Nicaraguan lawyer and politician

José Laureano Pineda Ugarte (4 July 1802 – 17 September 1853) was a Nicaraguan lawyer and politician who, as a Senator in the Legislative Assembly and member of the Democratic Party, was appointed to serve as 7th and later 8th Supreme Director of the State of Nicaragua on three occasions. originally elected on 1 April 1851, later in dissidence in Honduras after being removed from office as a result of a military coup led by José Trinidad Muñoz, and finally alongside Fulgencio Vega from 11 November the same year.

== Background ==
He was born in Potosí on 4 July 1802, He was son of Pedro Benito Pineda, head of State of Nicaragua (1826–1827) and Juana Rufina Ugarte Selva.

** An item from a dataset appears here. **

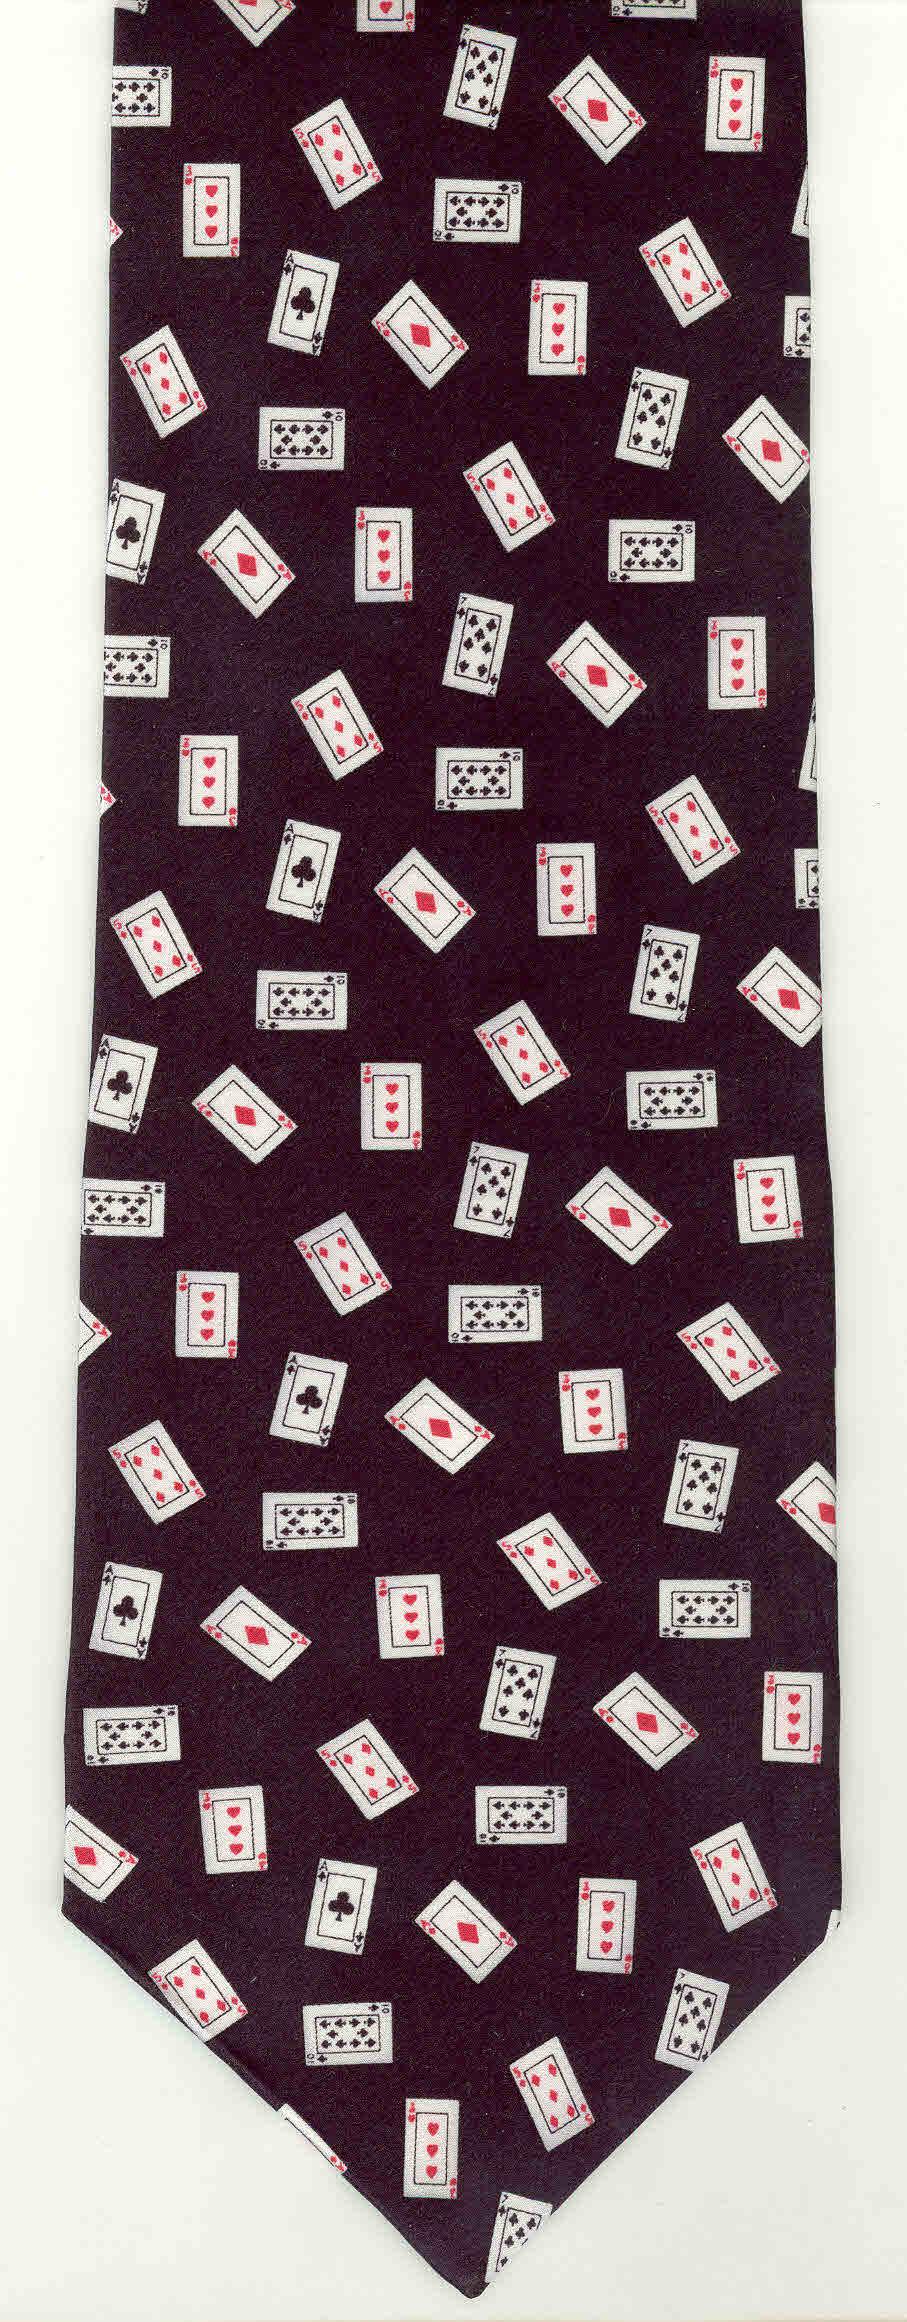 045 Tiny Cards (B).jpg

He married Dolores Sacasa Méndez, daughter of Crisanto Sacasa y Parodi, the first Nicaraguan conservative leader, and María Méndez Díaz de Figueroa, daughter of Nicaraguan military leader Bernardo Méndez de Figueroa.

== Early Political Career ==
In 1825 he graduated in law from the Royal University of León, of liberal ideology, from a young age he supported the Independence of Central America from Spain.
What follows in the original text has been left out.